Slopes (e.g., 0.35 vs 0.75) indicate different rates of responding under different reinforcement contexts.

Operant Extinction

Extinction: withholding reinforcers that maintain a behaviour.
Data example (cumulative responses) show a period of no responding followed by responses and occasional resets.
Spontaneous Recovery: extinguished behaviour can reappear in similar situations after a period without reinforcement; multiple extinction sessions across settings reduce this effect.
Reinstatement: recovery of an extinguished behaviour when the reinforcer is presented alone.
Extinction Burst: a temporary increase in the reinforced behaviour when reinforcement is withdrawn.
Extinction and Variability: increase in operant variability during extinction; organism may contact other sources of reinforcement.
Resistance to Extinction (PRE): partial reinforcement effect
- Schedules that reinforce more intermittently tend to take longer to extinguish than those that reinforce less intermittently.
- E.g., FR-100 vs. continuous reinforcement (CRF): with extinction, more responses must occur under FR-100 before extinction is contacted than under CRF.

Final Note on Extinction

Extinction is new learning, not forgetting.
Spontaneous recovery and reinstatement show that original learning persists in some form.
The core idea: learning is a change in behaviour due to experience; when reinforcement stops, the probability of the response decreases, reflecting new learning rather than simply forgetting.

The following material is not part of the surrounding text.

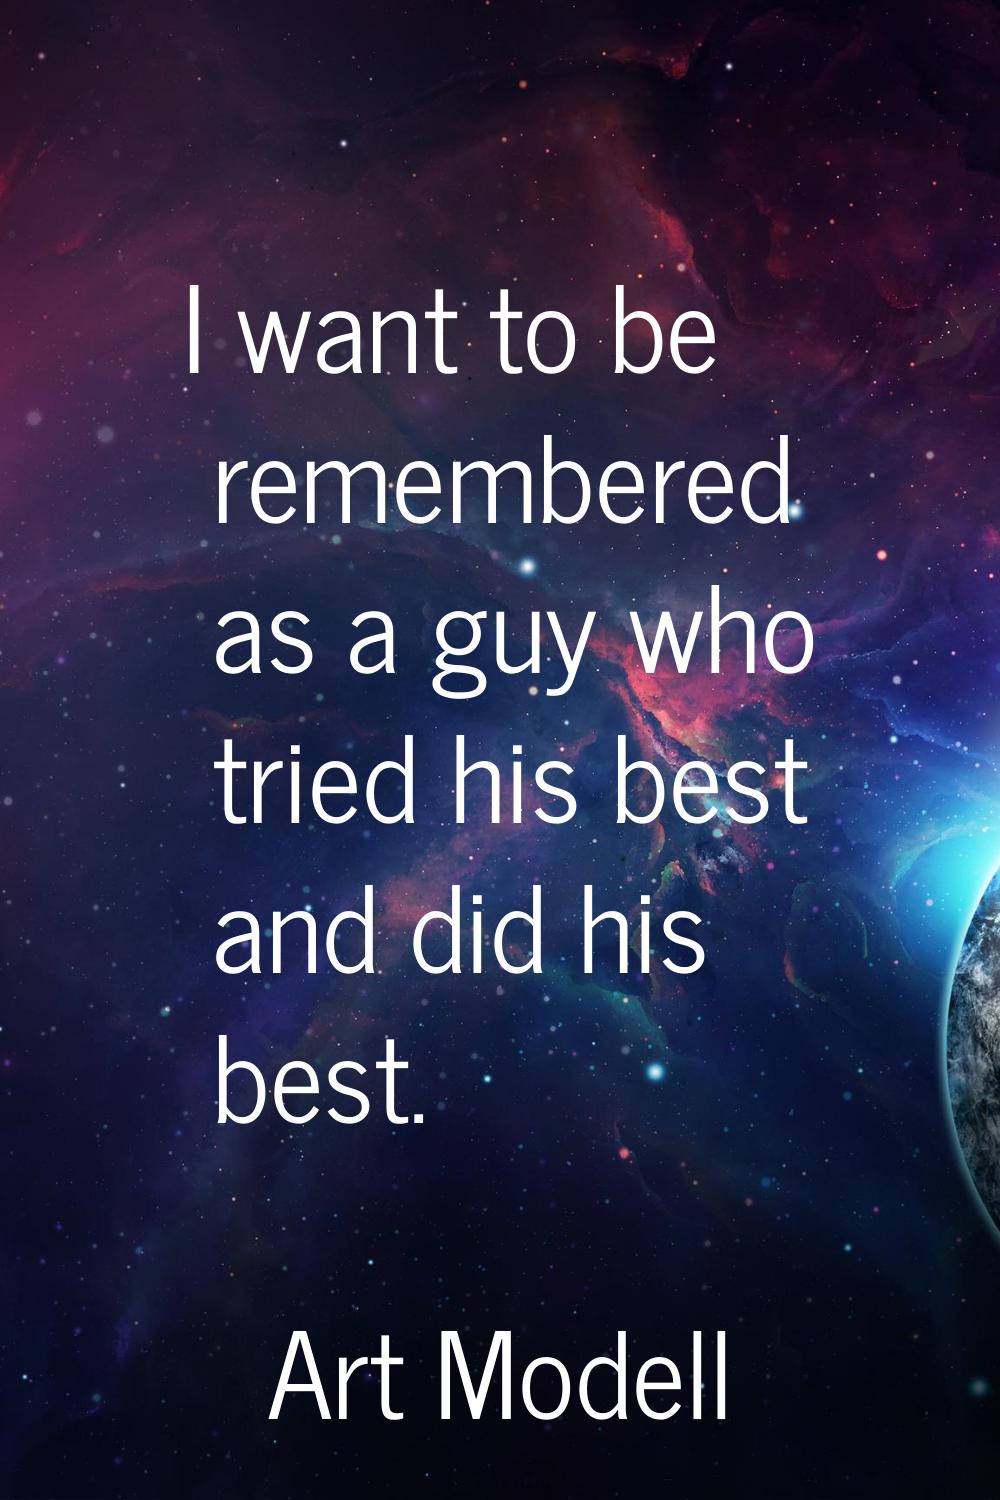 I want to be remembered as a guy who tried his best and did his best.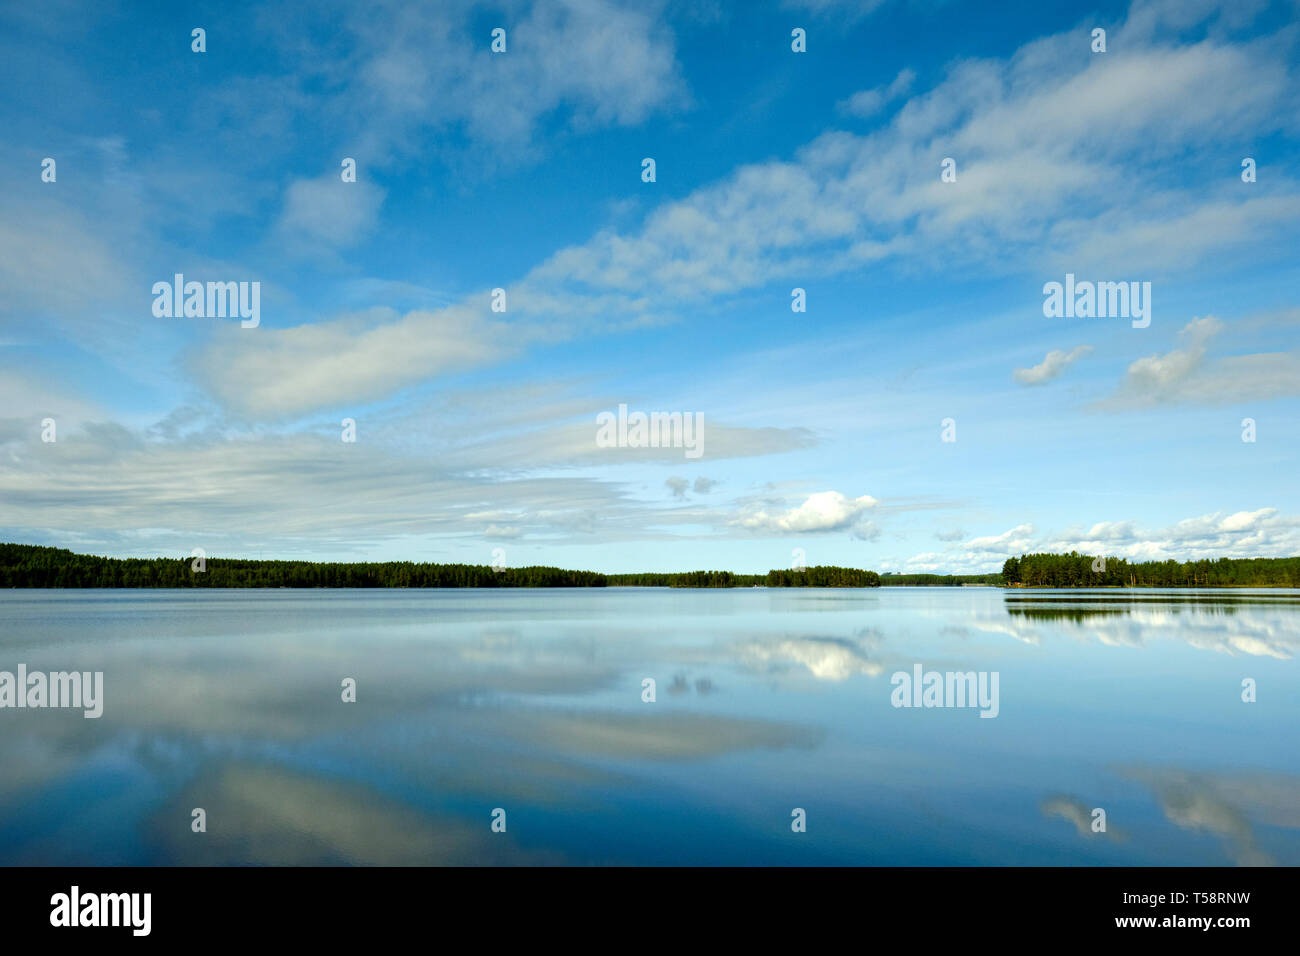 The still water and blue sky summer lake landscape of Sweden. Stock Photo

Connections to Foundational Principles and Real-World Relevance

Reinforcement principles underpin many educational, clinical, and organizational practices:
- Shaping behaviours through successive approximations using CRF and gradually changing schedules.
- Using Premack and motivating operations to increase adherence to desired behaviours.
- Understanding and leveraging contingencies and contiguity to design effective behavioural interventions.
- Recognizing extinction dynamics in behavior change programs and how to minimize relapse (extinction bursts, spontaneous recovery).
Ethical and practical implications:
- Use of reinforcement should respect welfare and autonomy; avoid coercive or harmful reinforcement strategies.
- Consider individual differences in primary vs secondary reinforcement and motivational states (deprivation, satiation).
- Be mindful of unintended reinforcement of undesired behaviours when designing schedules (e.g., reinforcing avoidance or avoidance learning).